Yeah, I've been getting the same error and my situation is nearly identical.
I burned one disc that was a collection of videos, and it was fine.
Burned the second set the next day and received the error, yet everything on the disc is fine.
Burned another disc of new content, no error.
Burned a disc just now - error returns.

Seems like a hit and a miss situation.

What version of OS X are you using? (I'm on Leopard)
That might have something to do with it...


----------



## eric2006 (Apr 1, 2008)

Error numbers would be helpful if applicable, as well as your system specs. You can get error #'s by launching /Applications/Utilities/Console.app.

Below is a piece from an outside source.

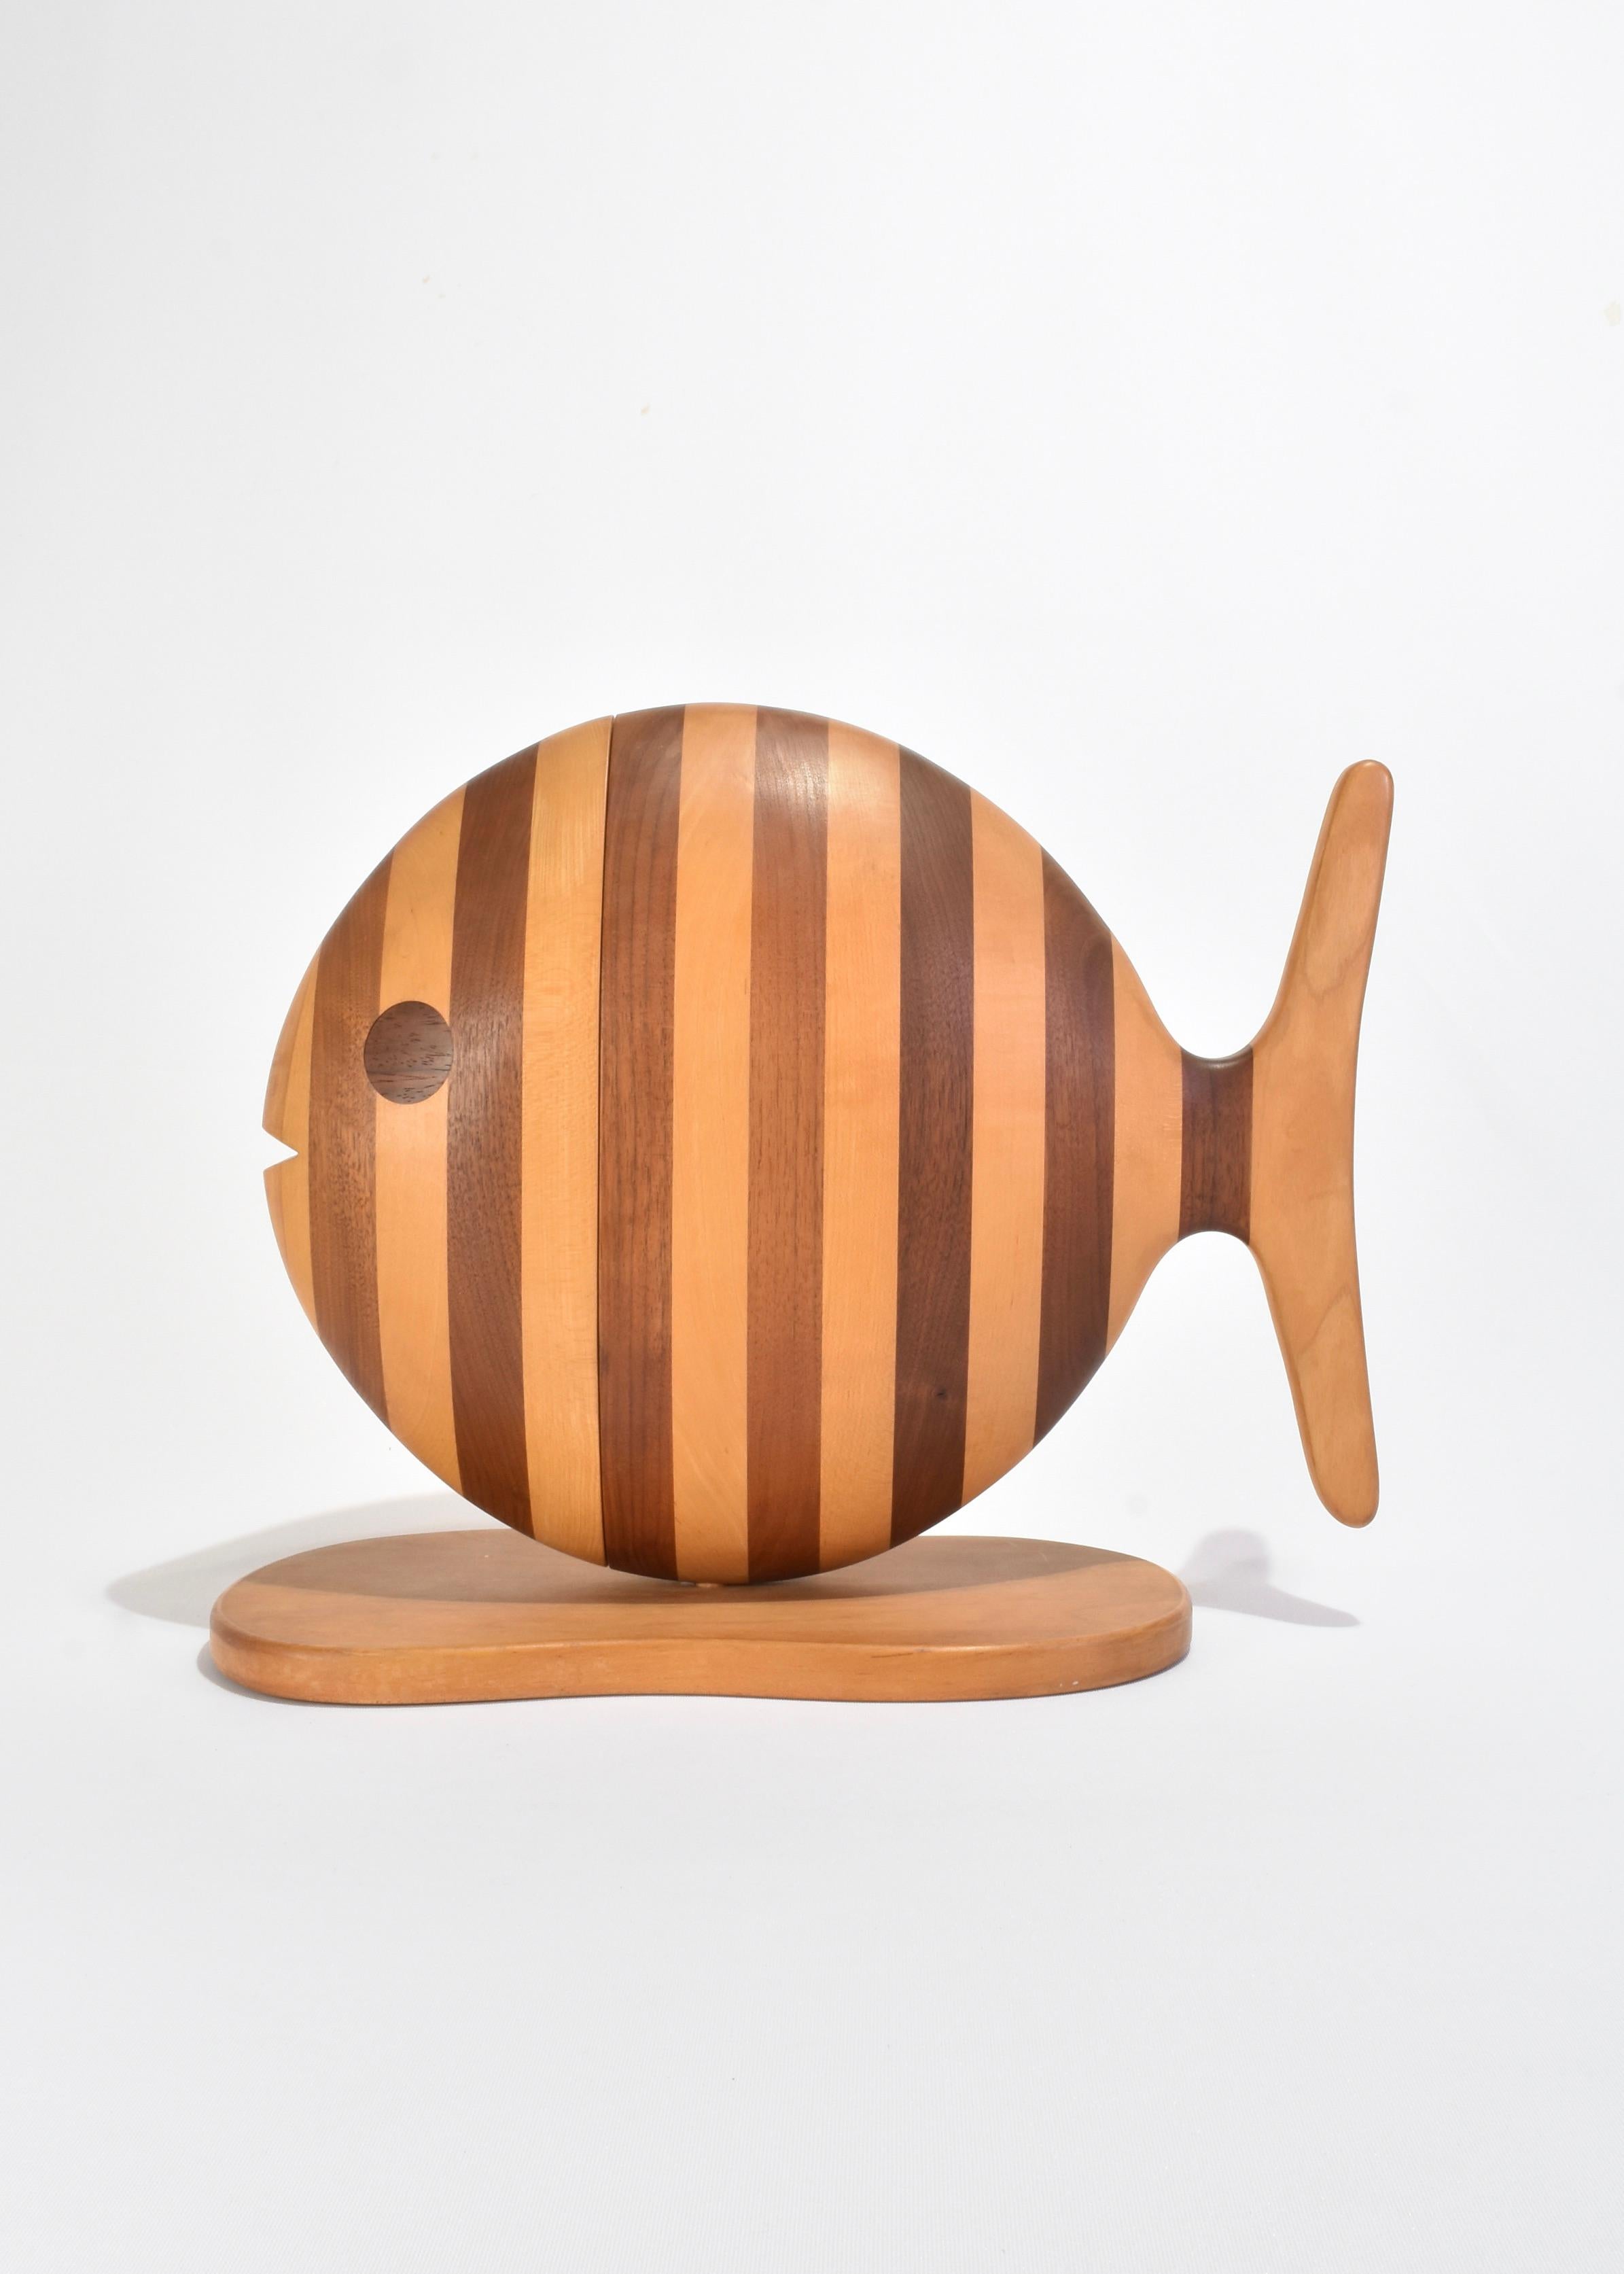 Rare vintage hand-crafted wood jewelry box in the shape of a fish with stripe detail and three sliding drawers. Box has a magnetic closure and removable base. Signed on base, Gene Sherer 1984.

Click "Show Log List". Select Log Files>~/Library/Logs->DiscRecording.log. Generally, this is a sign of a dying optical drive, which would be covered under AppleCare (1 year free, 3 years if you bought it..). However, it could be Leopard-isolated: http://discussions.apple.com/thread.jspa?threadID=1432867&tstart=0


----------



## ngcomputing (Feb 21, 2009)

I see this all the time on different mac's for the last 5 years. I wouldn't fret. Like the original poster stated it is a hit and miss and the data on the storage media will be fine. I typically skip the verify, re-insert the media, and run the install, open some photos etc.

OS/X has always had issues, from my experience, even when you want to eject a disc etc, things can get goofy. Using disk utility to image a disc, and burning it back out is usually a problem or even burning data to media using finder. 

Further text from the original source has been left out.